■ **DATASET SECTION**
☆ ☆ ☆

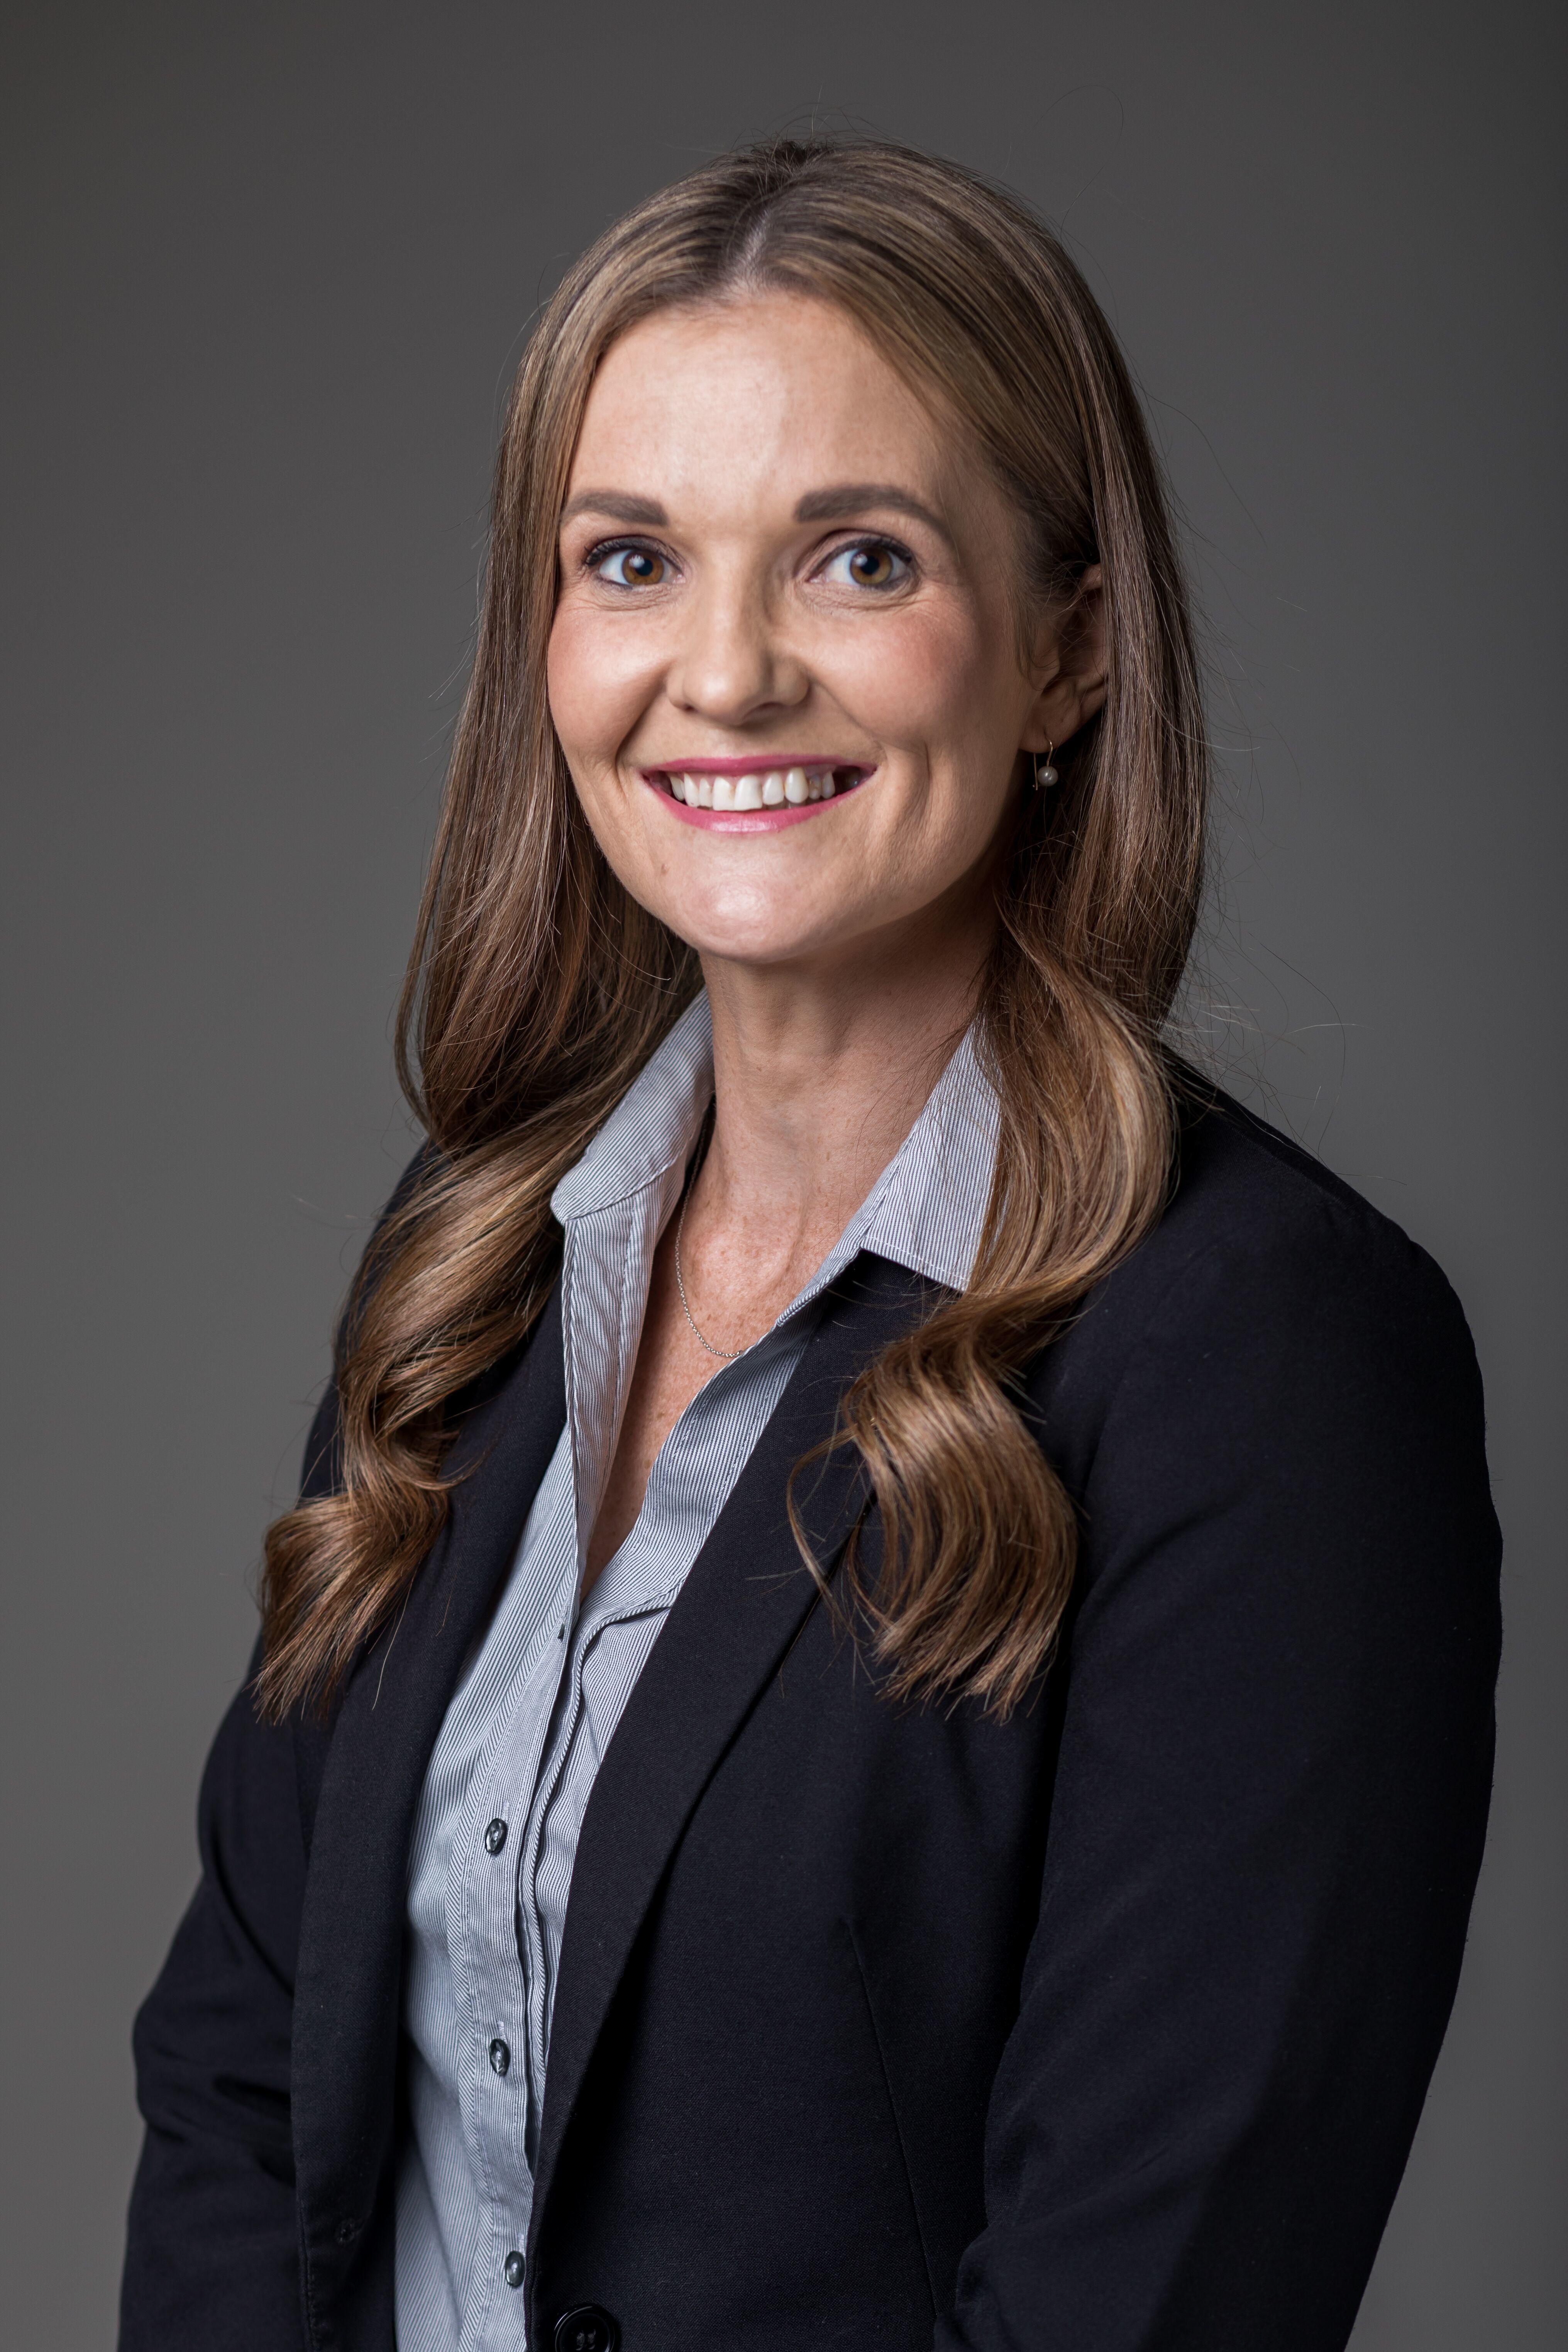 Nicole Kemp
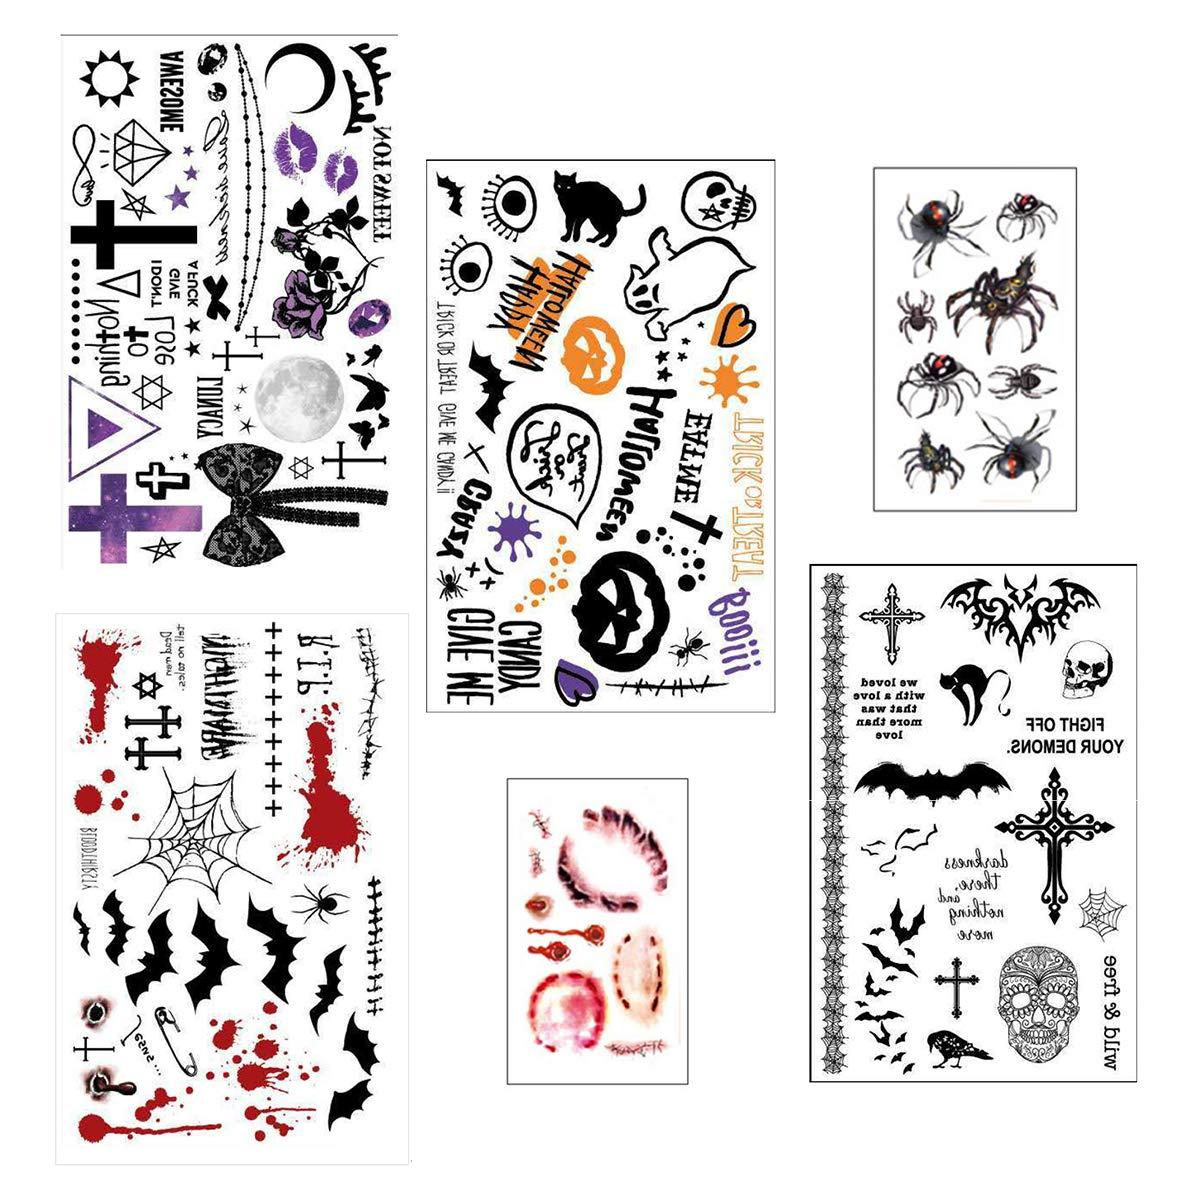 6 Sheets Halloween Temporary Tattoo Stickers For Women & Kids With Skull/Scar/Pumpkin/Cross Designs
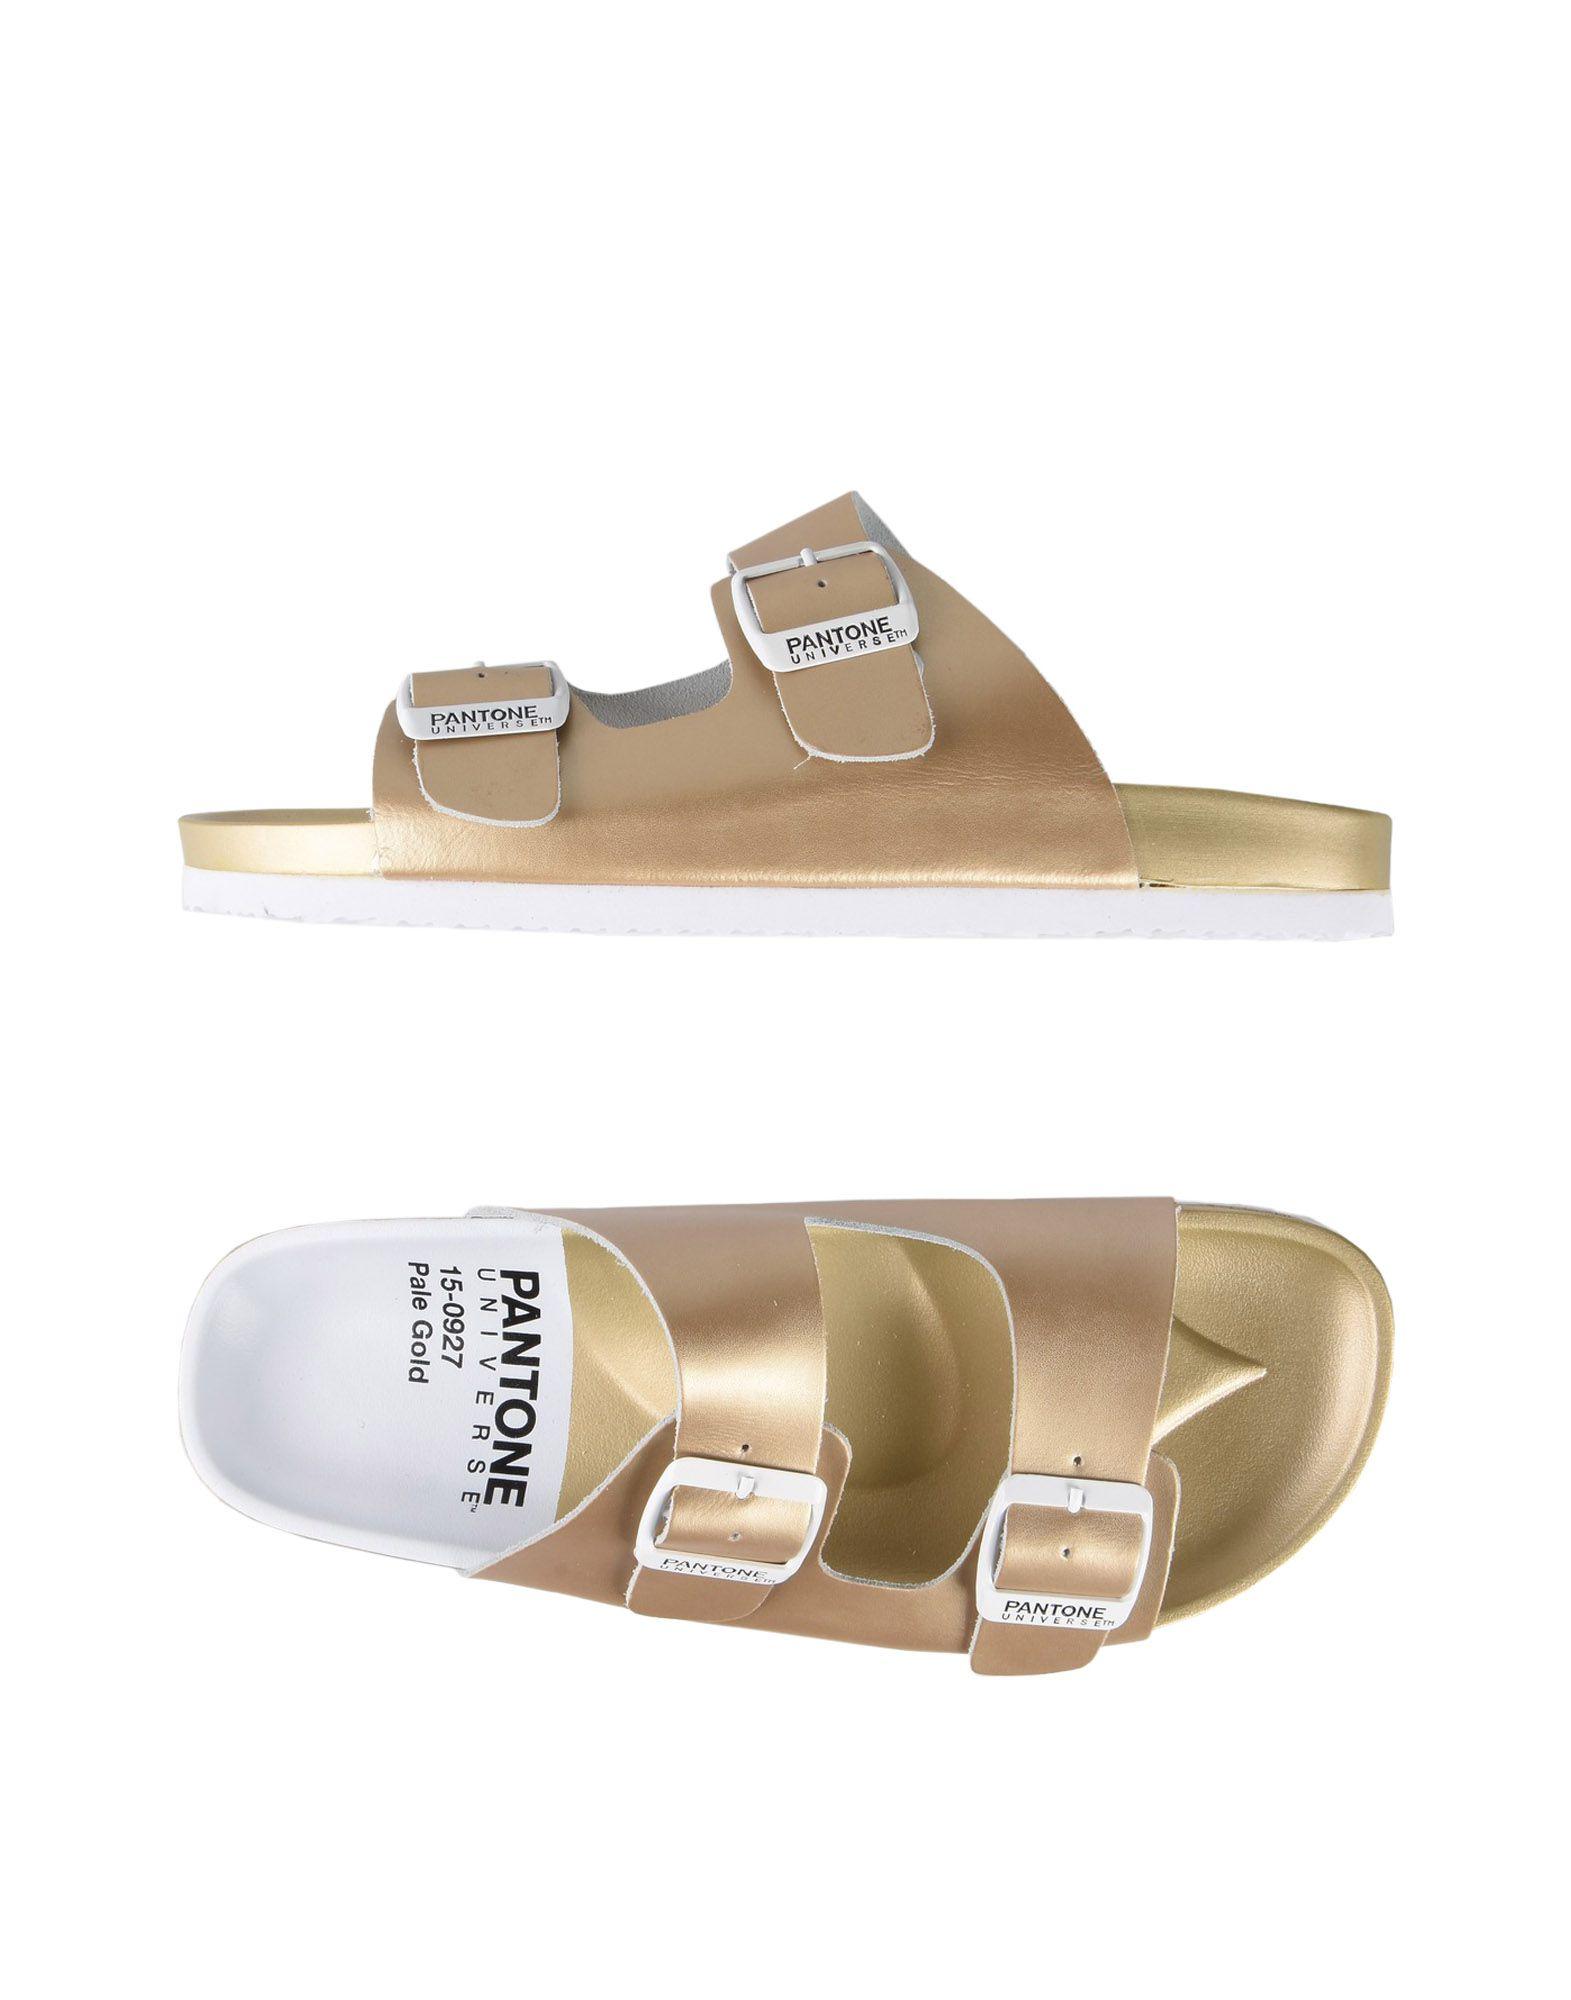 Pantone Chaussures Univers Whitehaven Orteil Sandale Post zE3tKKOlP

☆ ☆ ☆

■ **THE TASK**
Would you give the data above again word for word, skipping any images?

■ **TASK OUTPUT**
 Nicole Kemp
 6 Sheets Halloween Temporary Tattoo Stickers For Women & Kids With Skull/Scar/Pumpkin/Cross Designs
 Pantone Chaussures Univers Whitehaven Orteil Sandale Post zE3tKKOlP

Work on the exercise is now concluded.